Identify the cause of heavy rendering loads which cause poor GPU performance, and use GPU performance counters to identify workload inefficiencies.
Reduce device power consumption and improve energy efficiency by optimizing workloads using performance counters from the CPU, GPU, and memory system.
Streamline supports data capture on Android devices. Streamline collects CPU performance data and Arm Mali GPU, or Arm Immortalis™ GPU, performance data so that you can profile your debuggable game or application without device modification. Streamline also supports non-debuggable application profiling on a rooted device. To configure Streamline to collect the right data, use the templates to select the most appropriate set of counters for your device. Alternatively use the built-in templates as a starting point for a customized data visualization. See Profile your Android application.
To learn how to set up your Android target for profiling with Streamline, see the Arm Streamline Target Setup Guide for Android
In addition to the single application profiling for non-root devices, Streamline supports system-wide Android profiling when running on development devices with root access. System profiling enables manufacturers to simultaneously monitor all applications and services running on their device, allowing identification of problematic processes or scheduling behaviors.
Streamline supports system-wide profiling of applications running on Linux-based embedded devices.
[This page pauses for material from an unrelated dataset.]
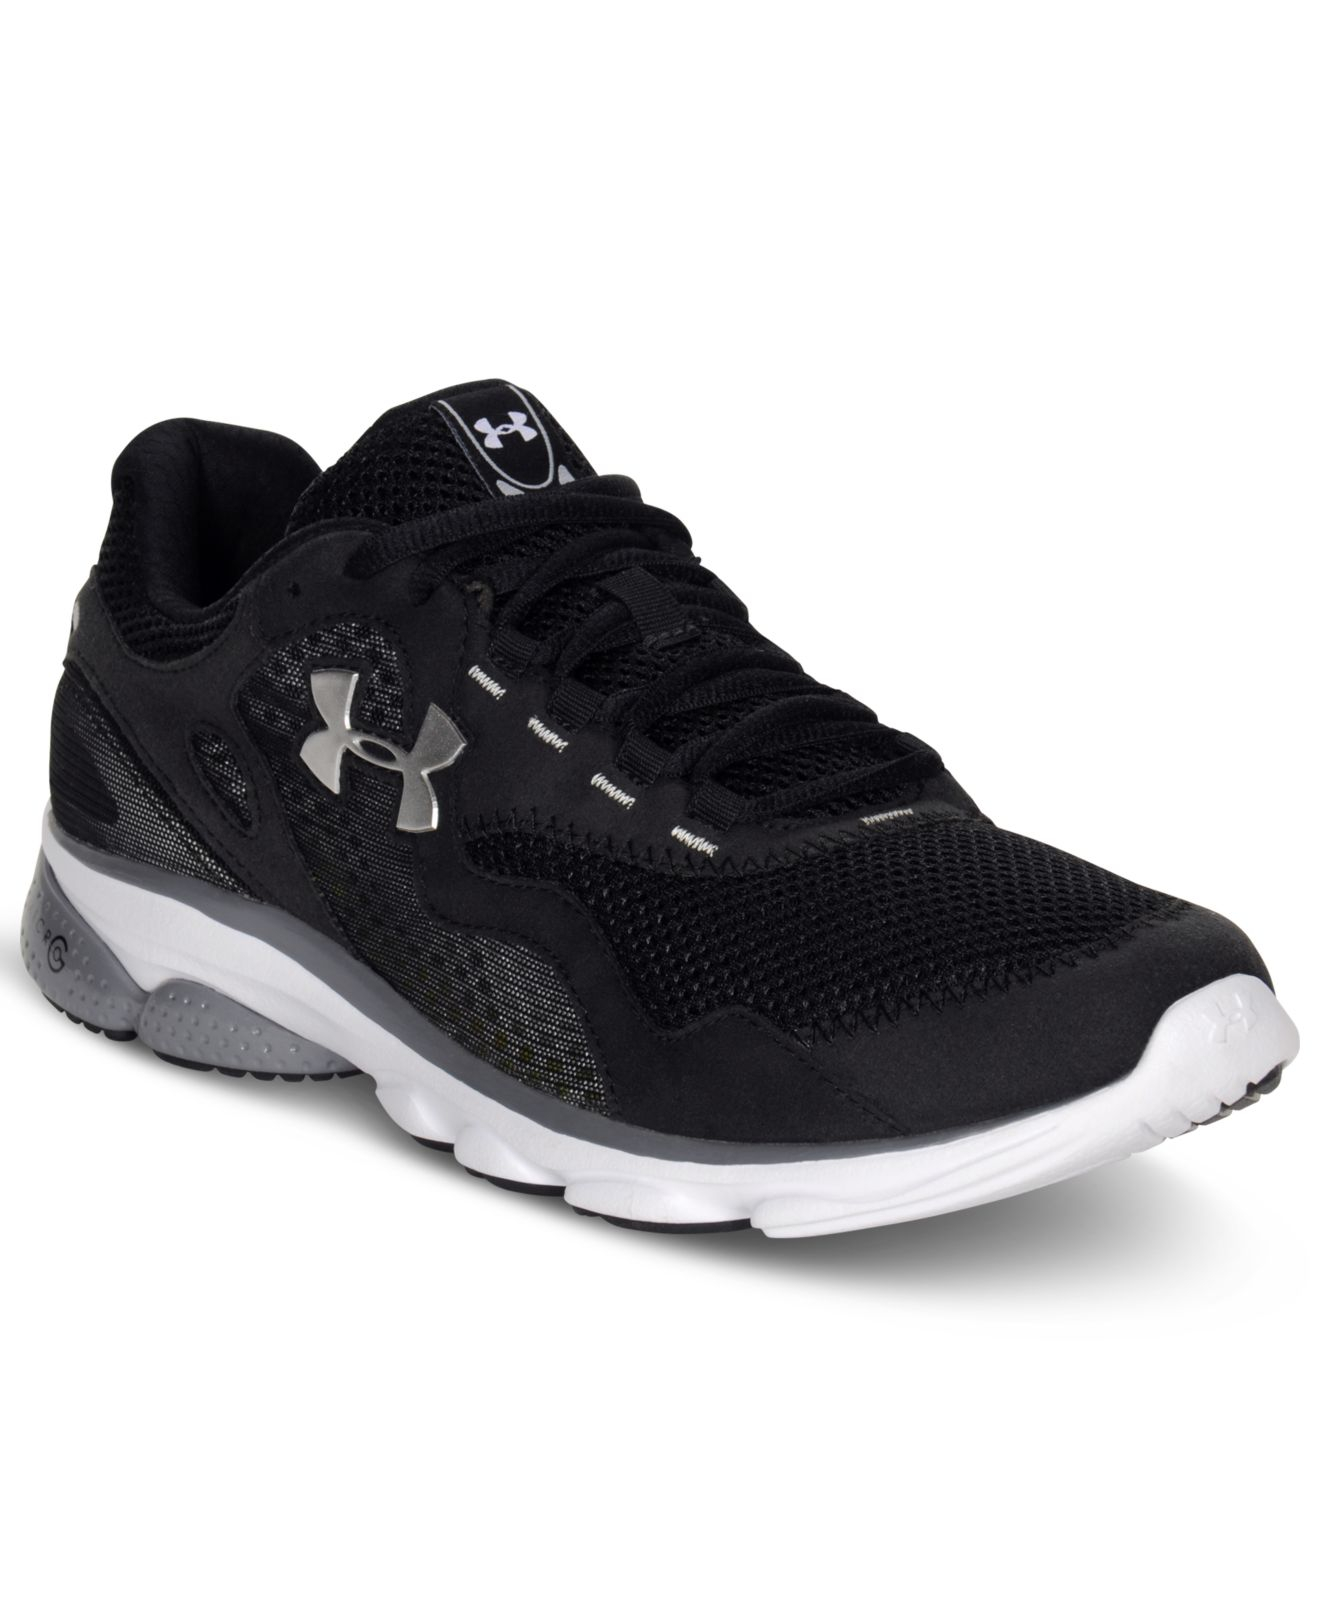 Lyst - Under Armour Men'S Assert Iii Sneakers From Finish Line for Men

Analyze the behavior of the system hardware by selecting the required Arm CPU or Mali GPU hardware performance counters for your scenario. This analysis can be supplemented by connecting power measurement probes, such as the Arm Energy Probe or National Instruments DAQ, to provide accurate measurement of system energy use. To provide more context to the analysis, you can use software annotations in Arm software libraries, such as the Mali GPU OpenCL device driver. Profile your Linux application
To learn how to set up your Linux target for profiling with Streamline, see the Arm Streamline Target Setup Guide for Linux
Streamline can profile bare-metal software running on Arm processors, emitting data over an Arm® CoreSight™ ITM, or STM data channel. It can also profile data captured to an on-device memory buffer. Support is included for PC sampling, performance counter sampling, and application-generated annotations.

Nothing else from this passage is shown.